■ EXERCISE REQUIREMENTS: The data that follows must be transcribed in full and exactly, minus the pictures.

***** AVAILABLE DATA *****

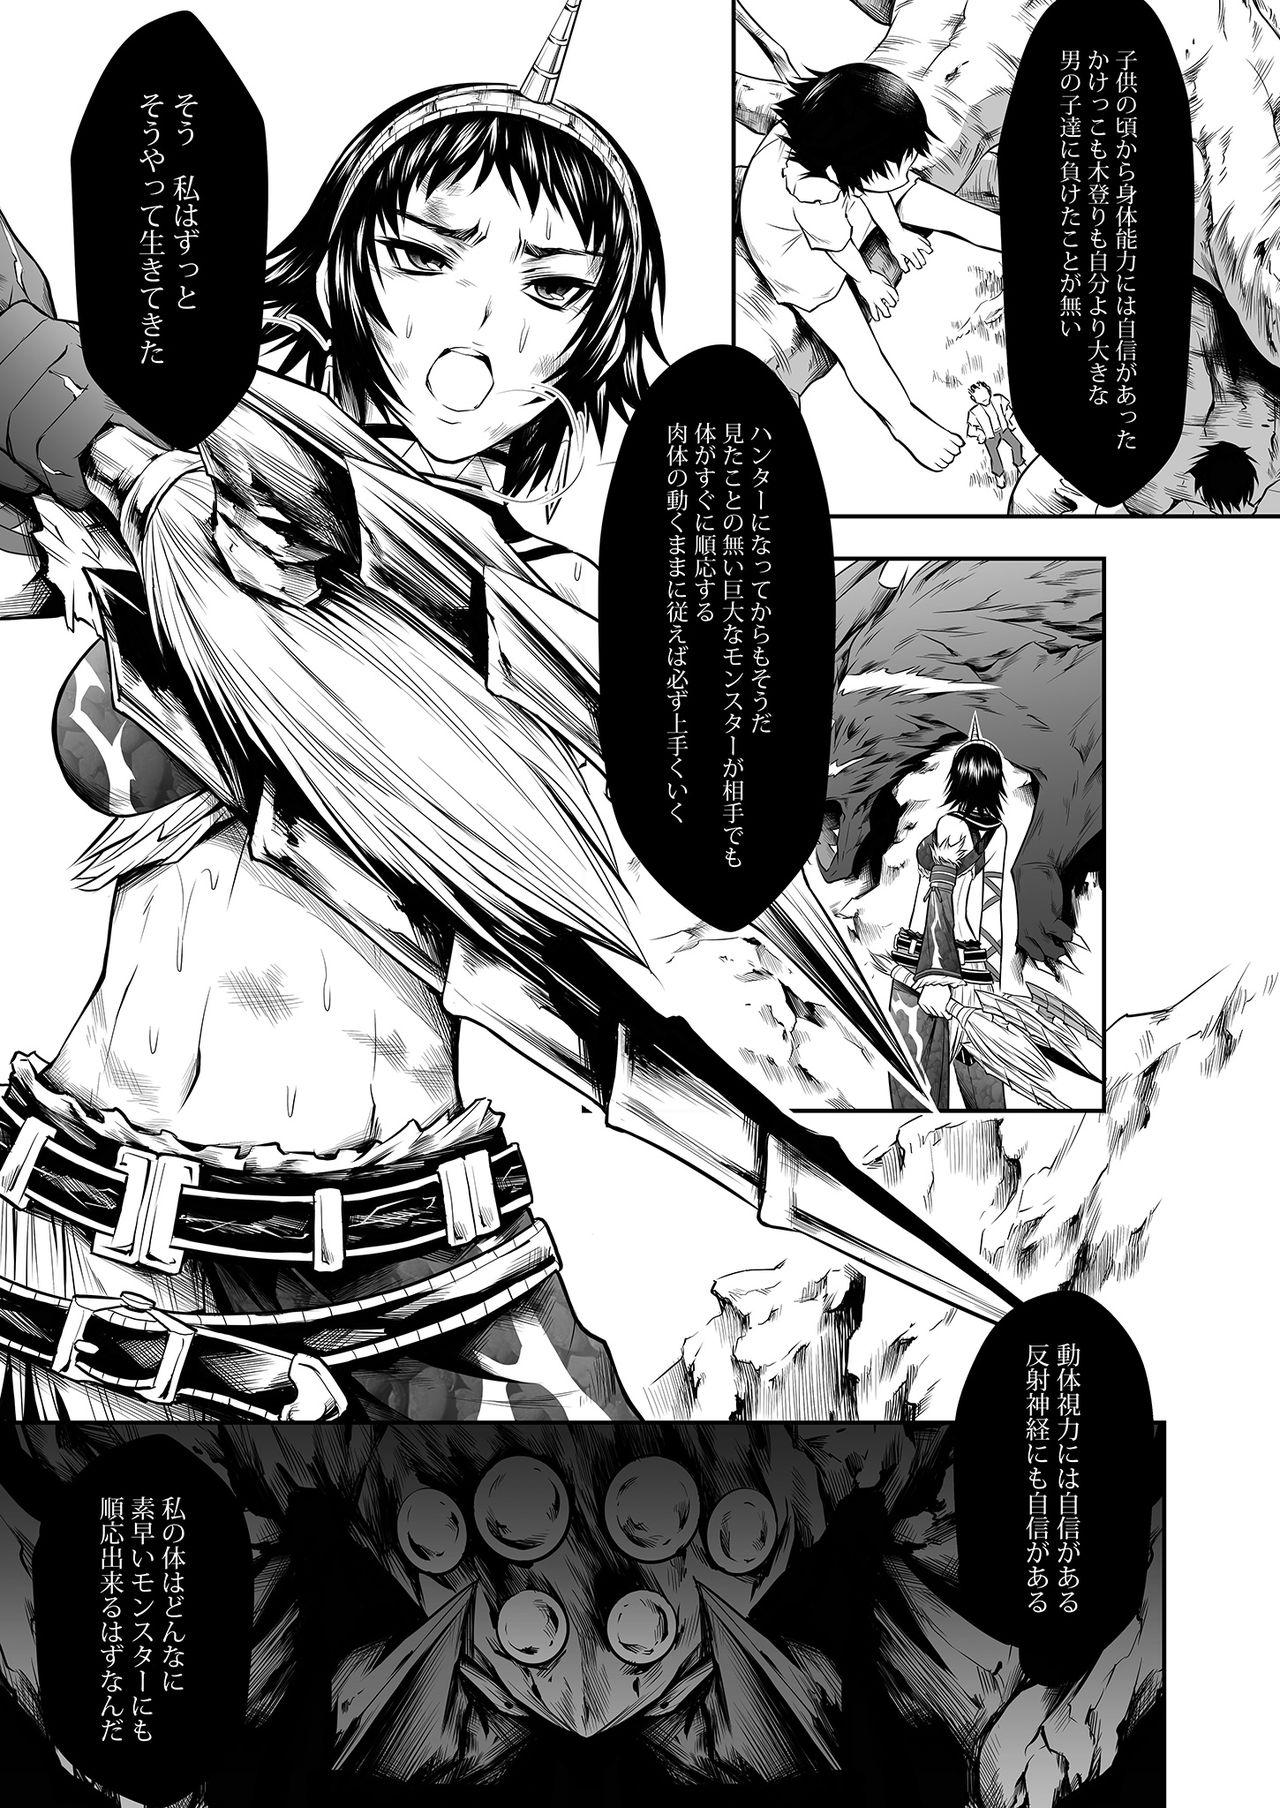 Best Blowjobs Ever Pair Hunter no Seitai vol.2-2 - Monster hunter Free - Page 5
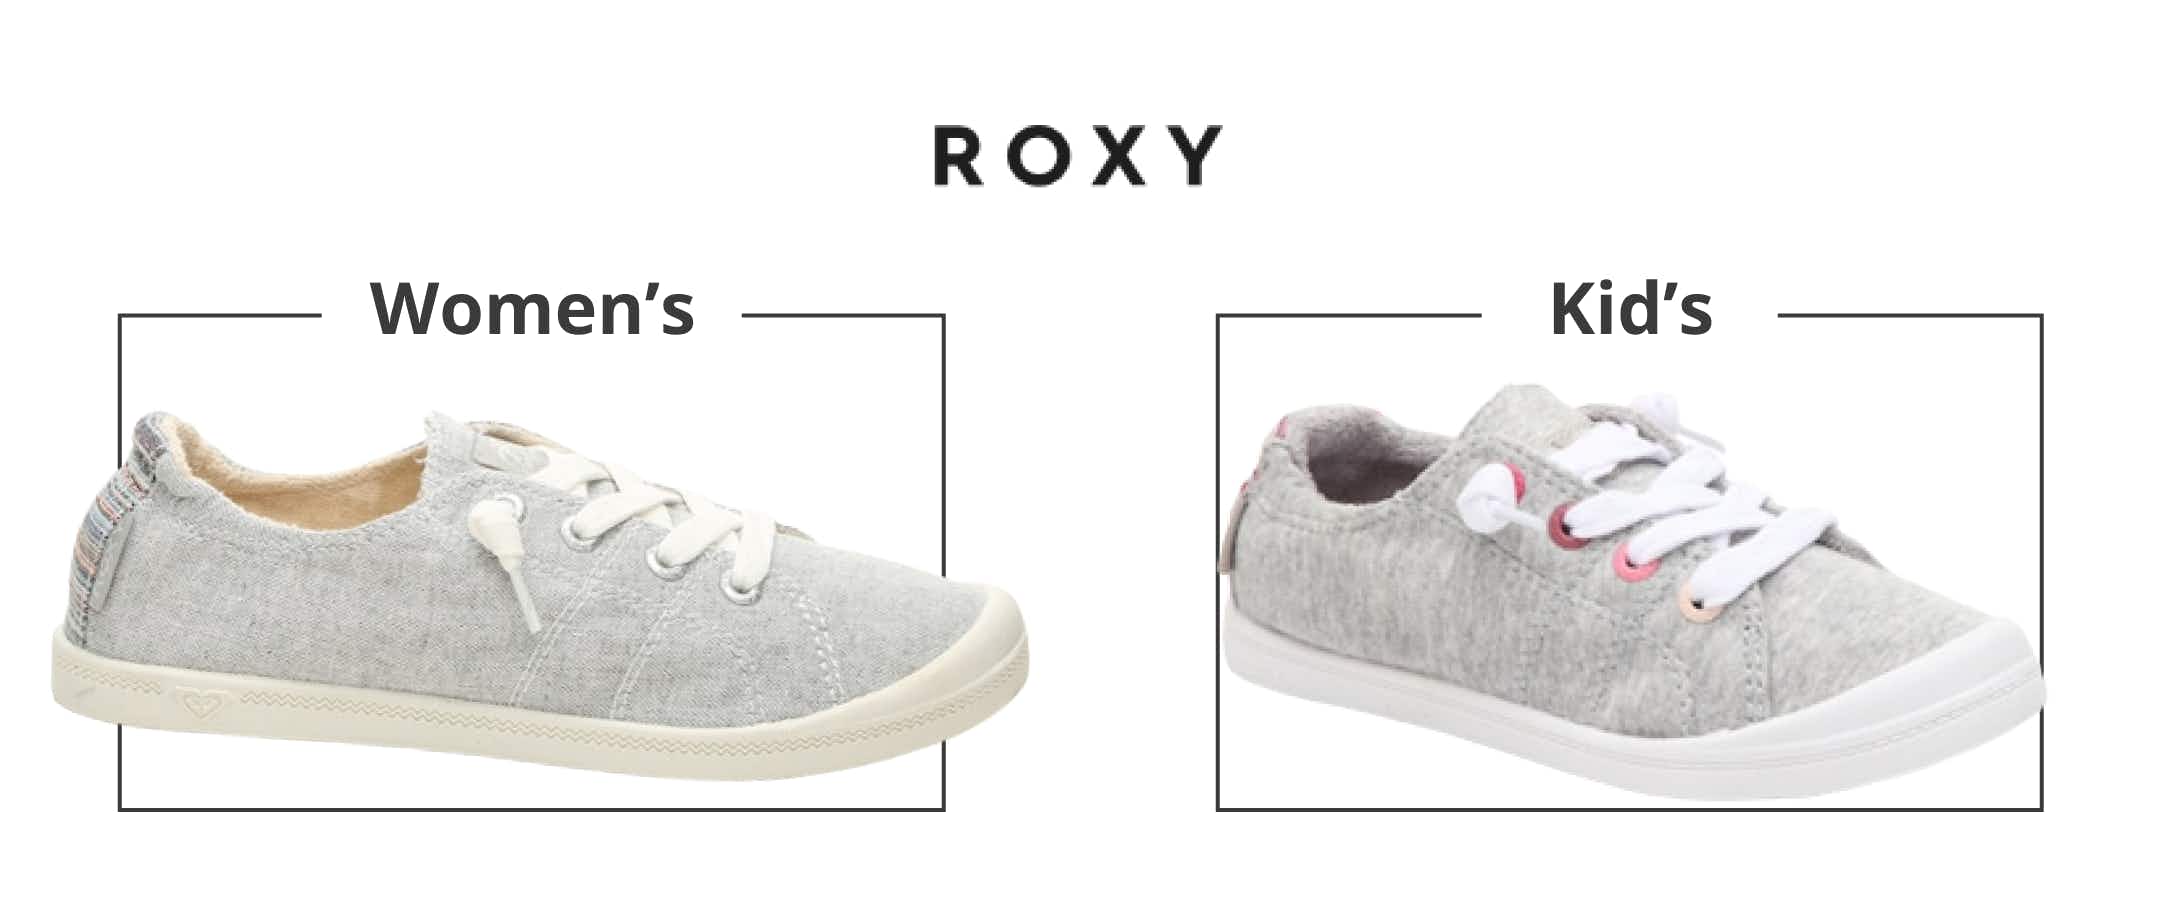 A comparison of a kid's and women's Roxy shoe
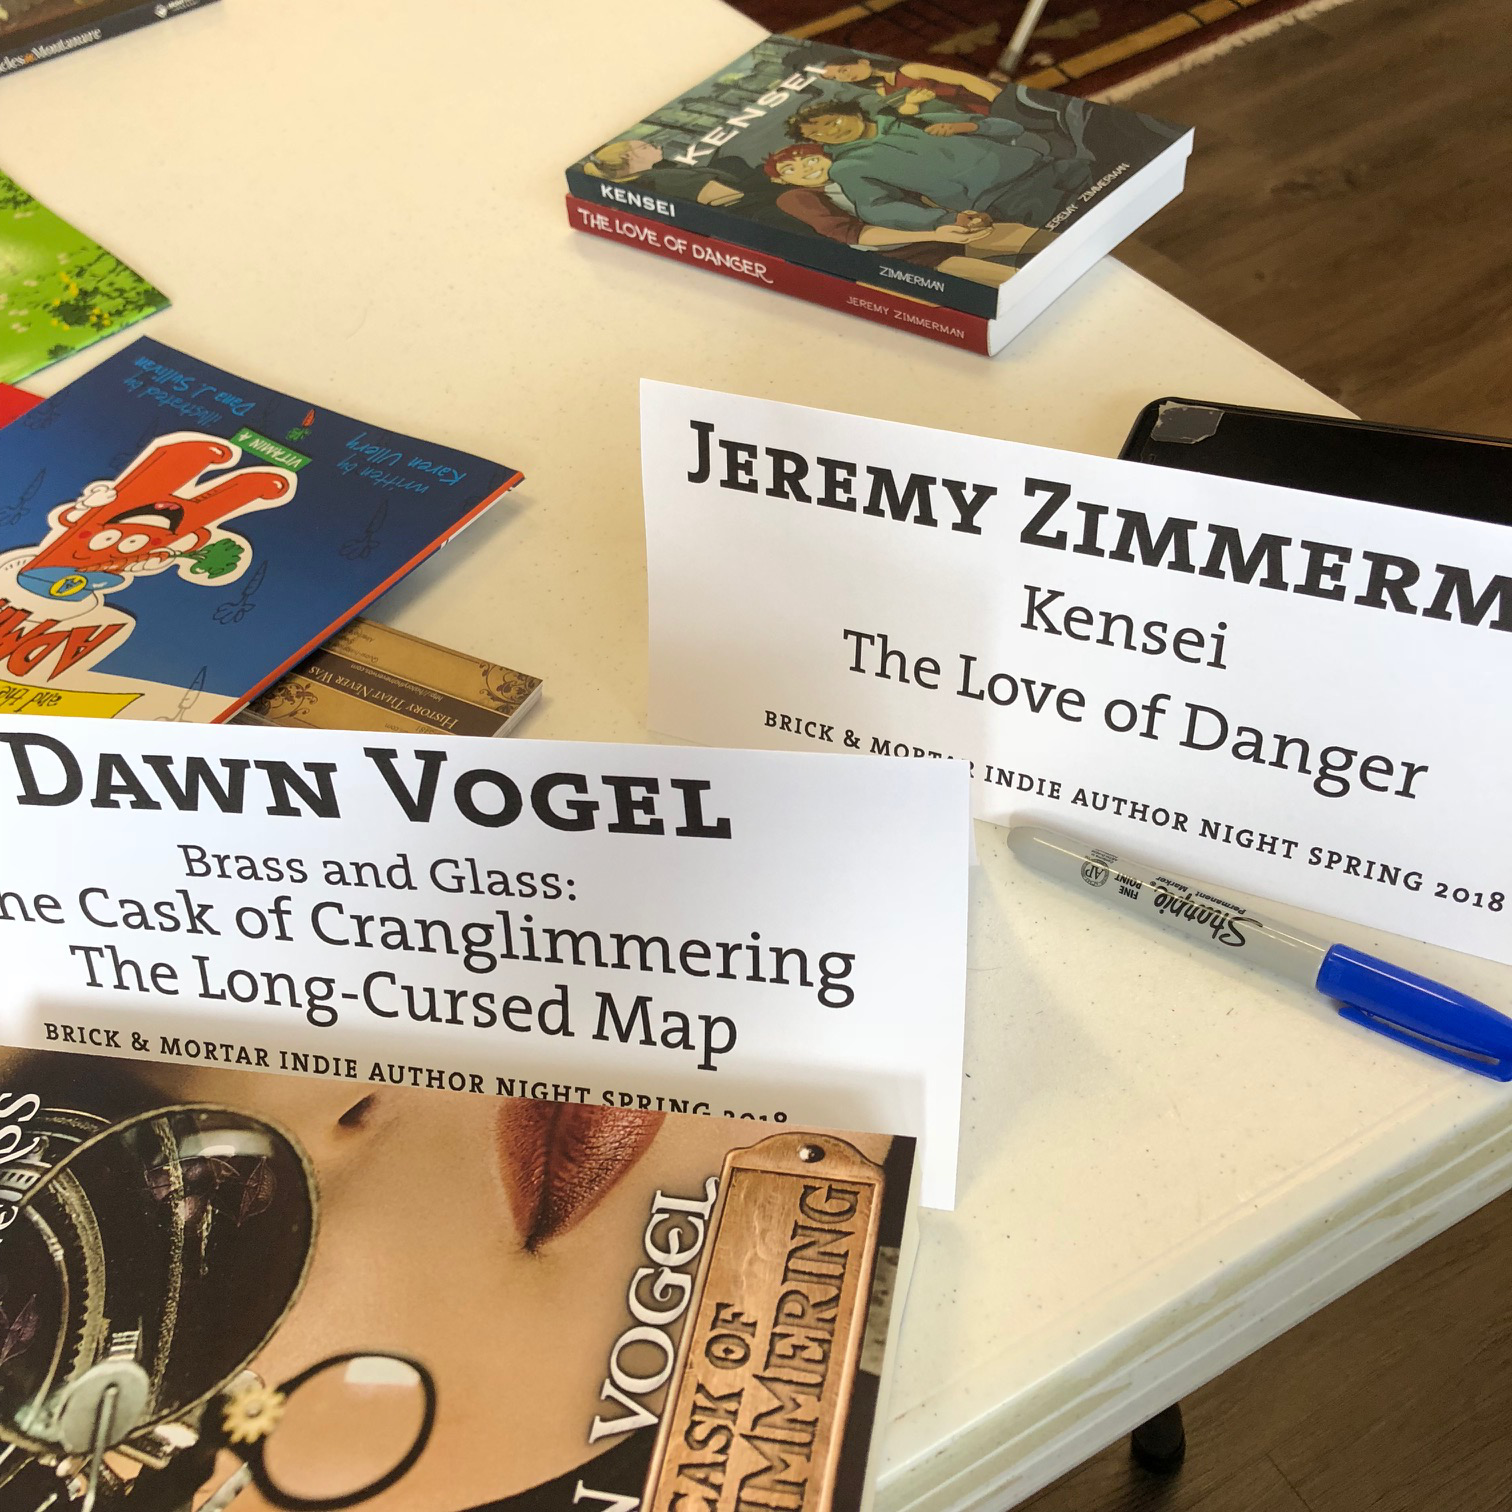 Photo of name tags and books.

*****

■ RESPONSE TO THE EXERCISE:
 Best Blowjobs Ever Pair Hunter no Seitai vol.2-2 - Monster hunter Free - Page 5
 A comparison of a kid's and women's Roxy shoe
 Photo of name tags and books.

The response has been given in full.